**INPUT DATA**

********

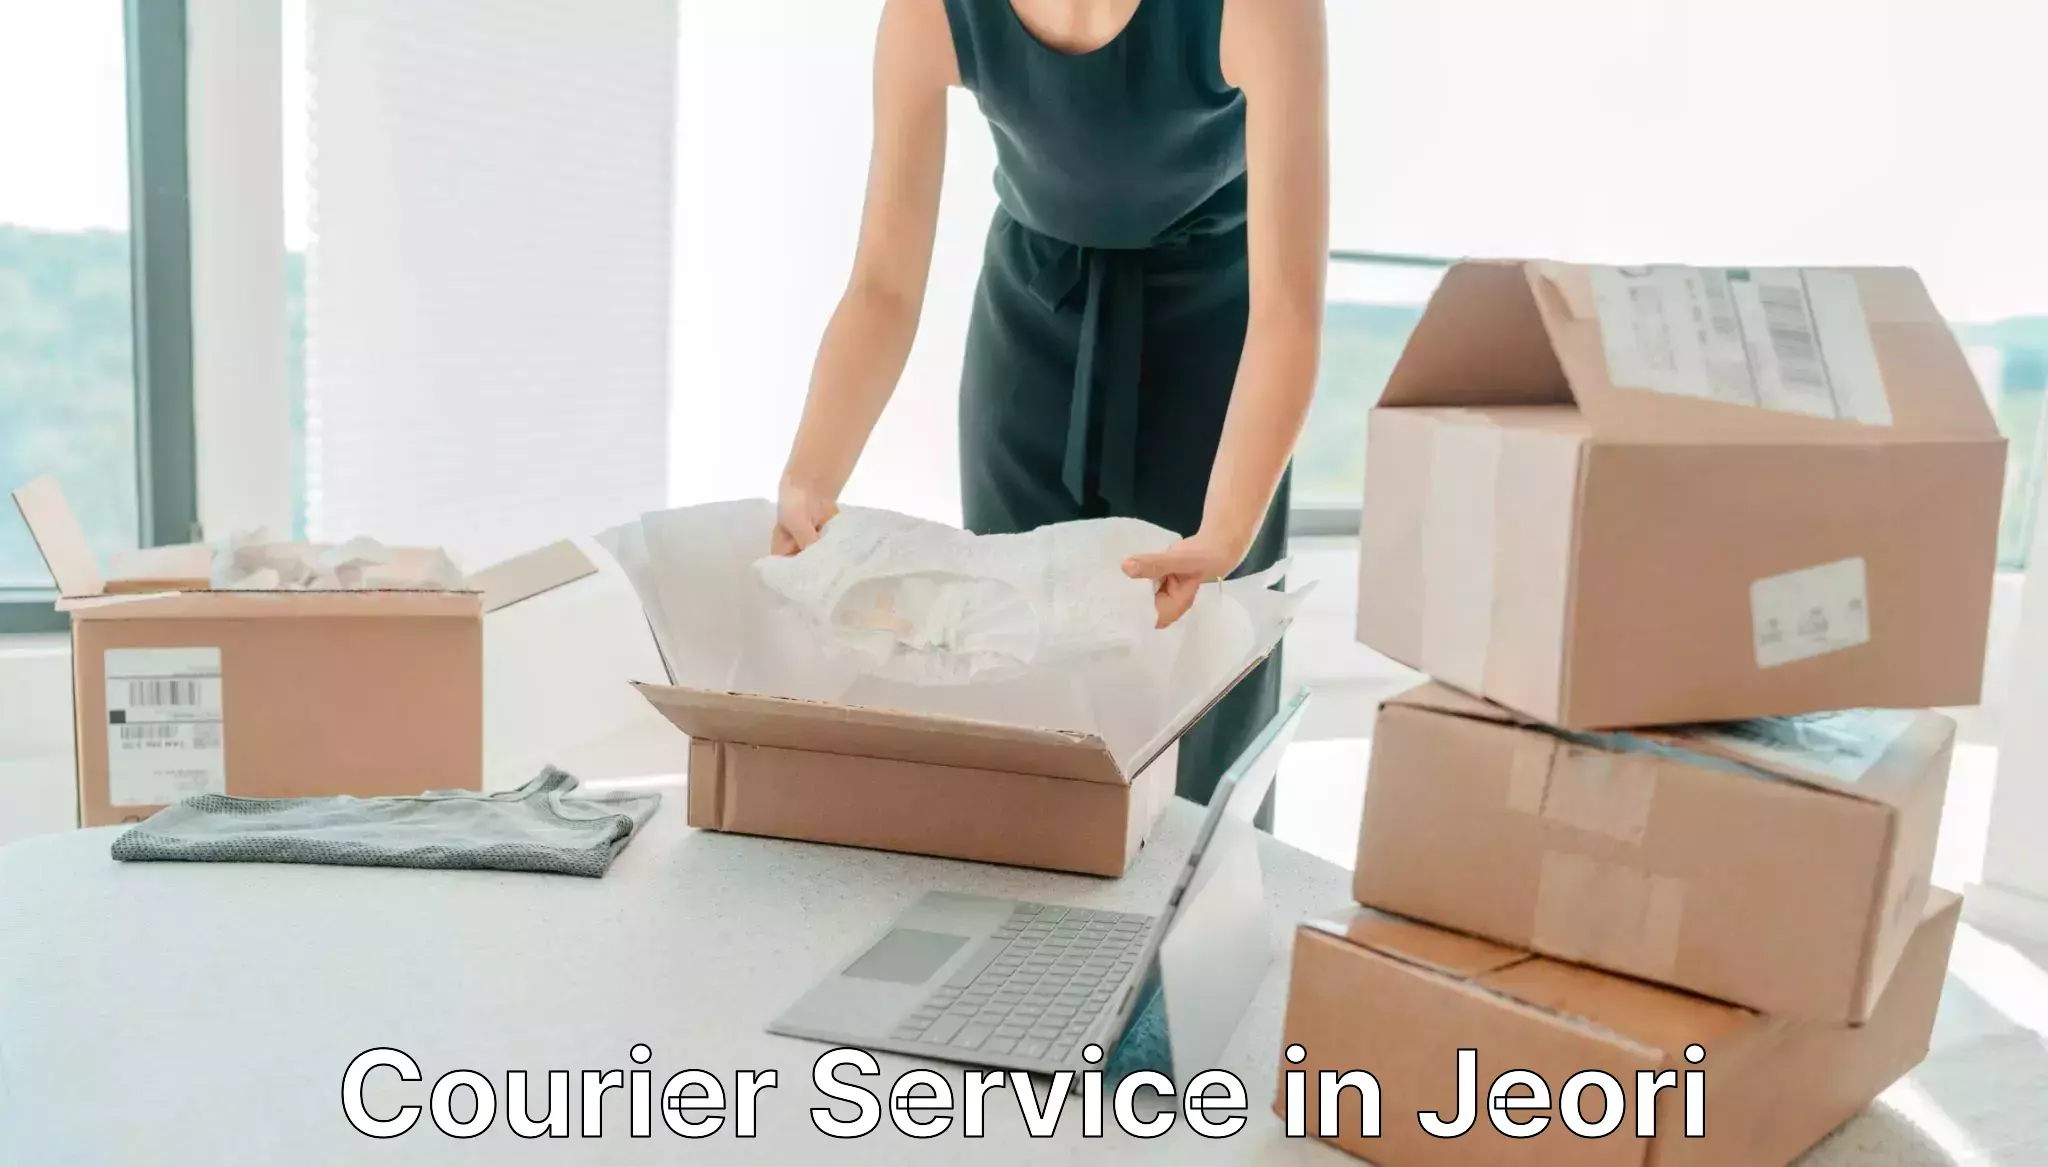 Trackable shipping service in Jeori
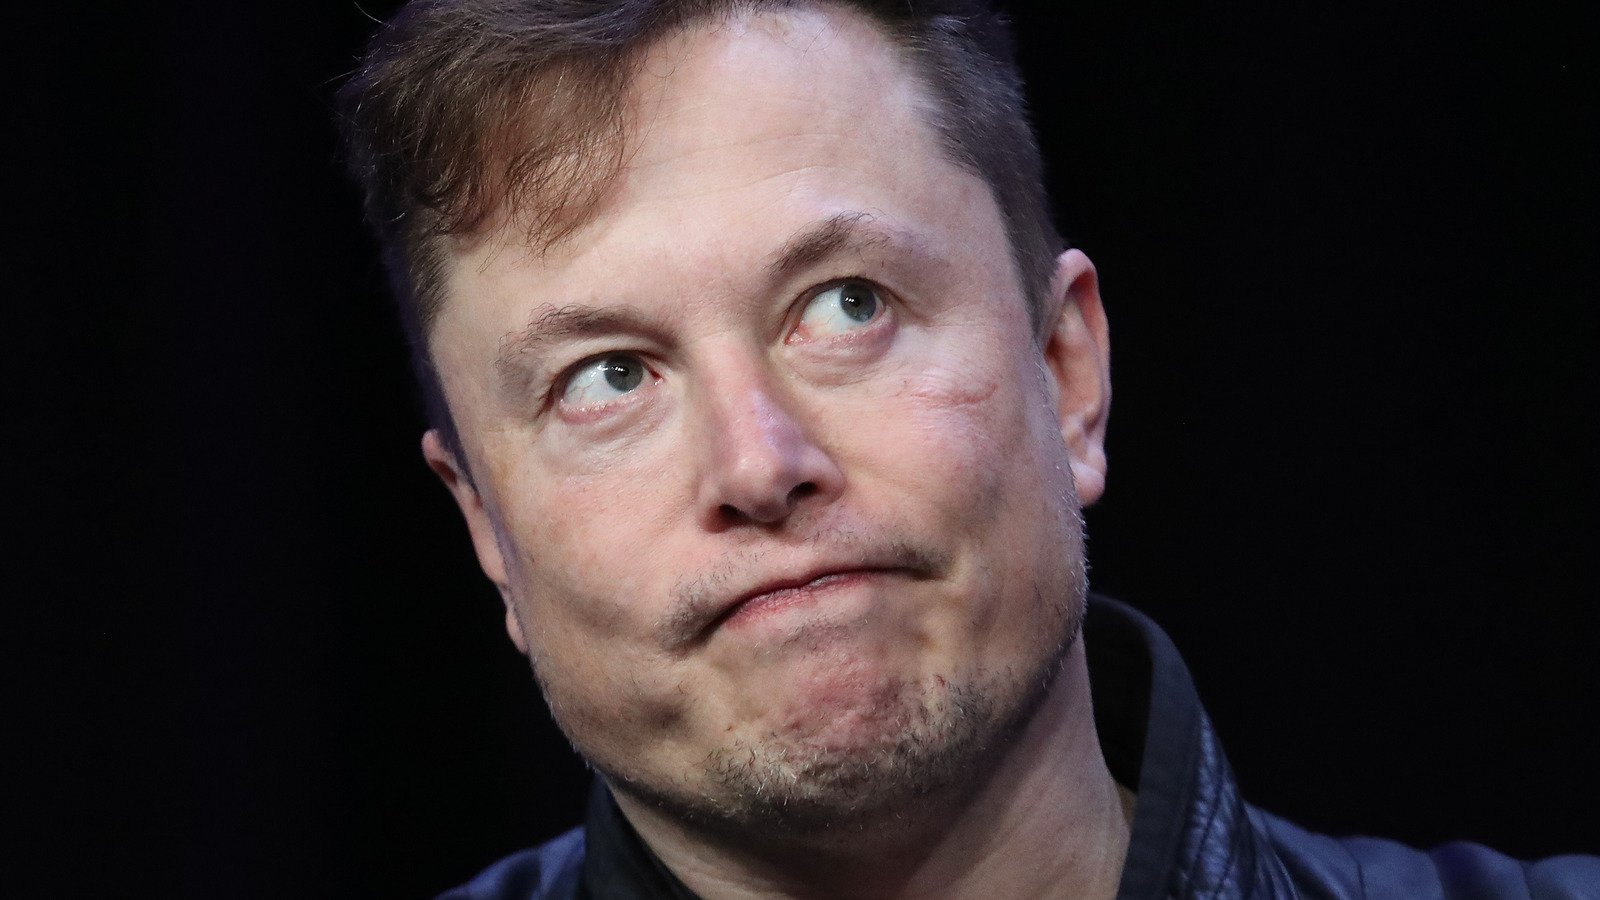 Elon Musk Gets Booed On Stage At Dave Chappelle's Comedy Show
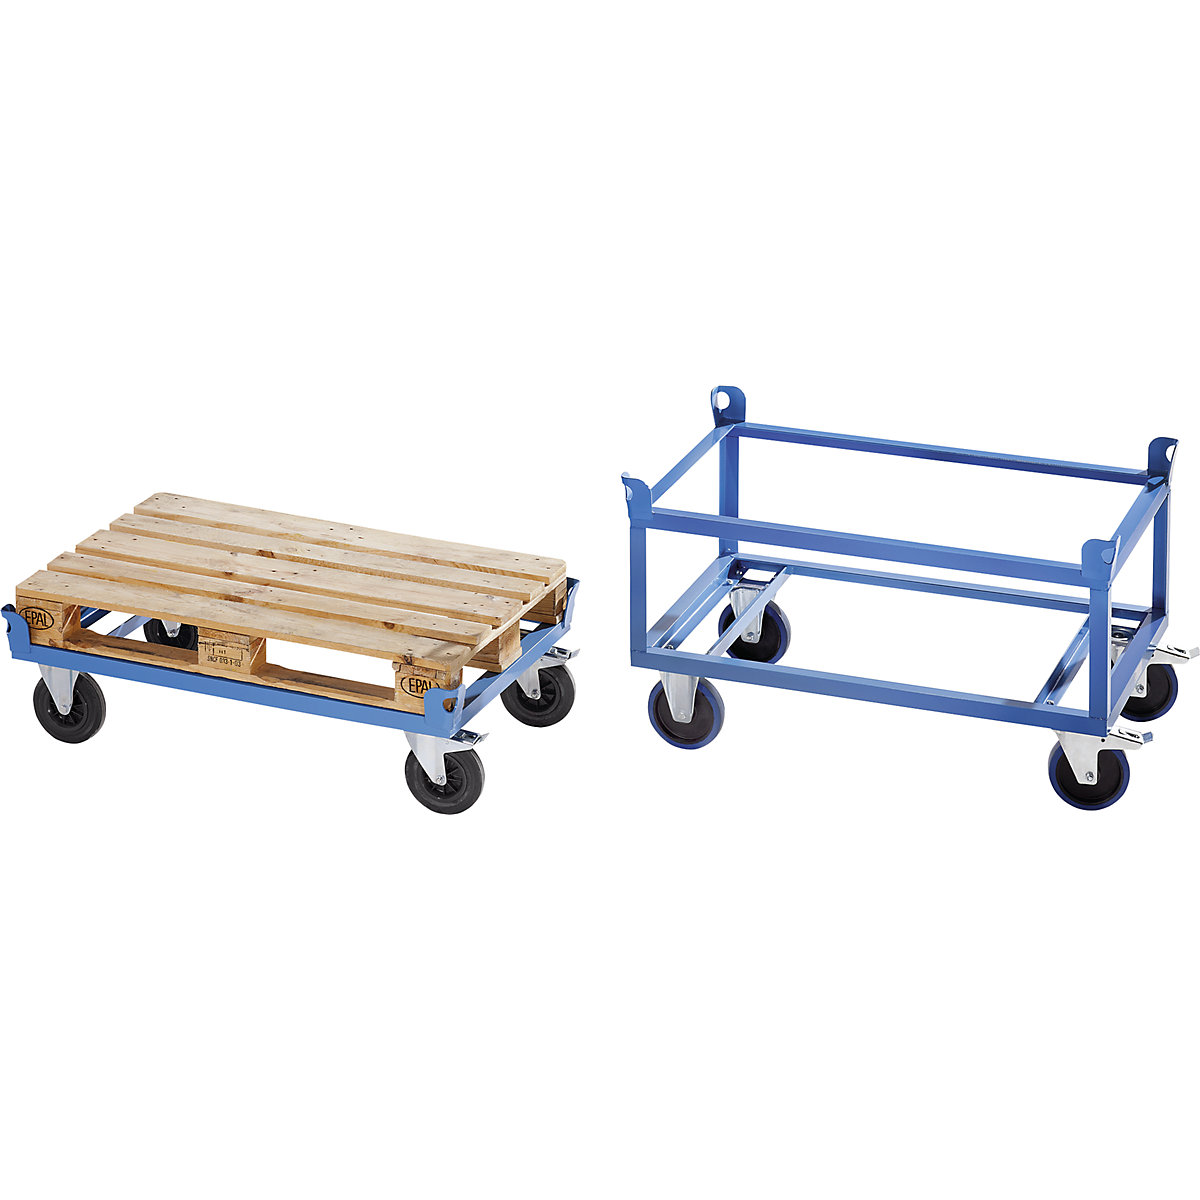 Steel wheeled base – eurokraft pro, for Euro pallets, max. load 500 kg, loading height 650 mm, blue, 5+ items-1

********

Reproduce every line of the material above, but drop the pictures.

 Trackable shipping service in Jeori
 Elon Musk Gets Booed On Stage At Dave Chappelle's Comedy Show
 Steel wheeled base – eurokraft pro, for Euro pallets, max. load 500 kg, loading height 650 mm, blue, 5+ items-1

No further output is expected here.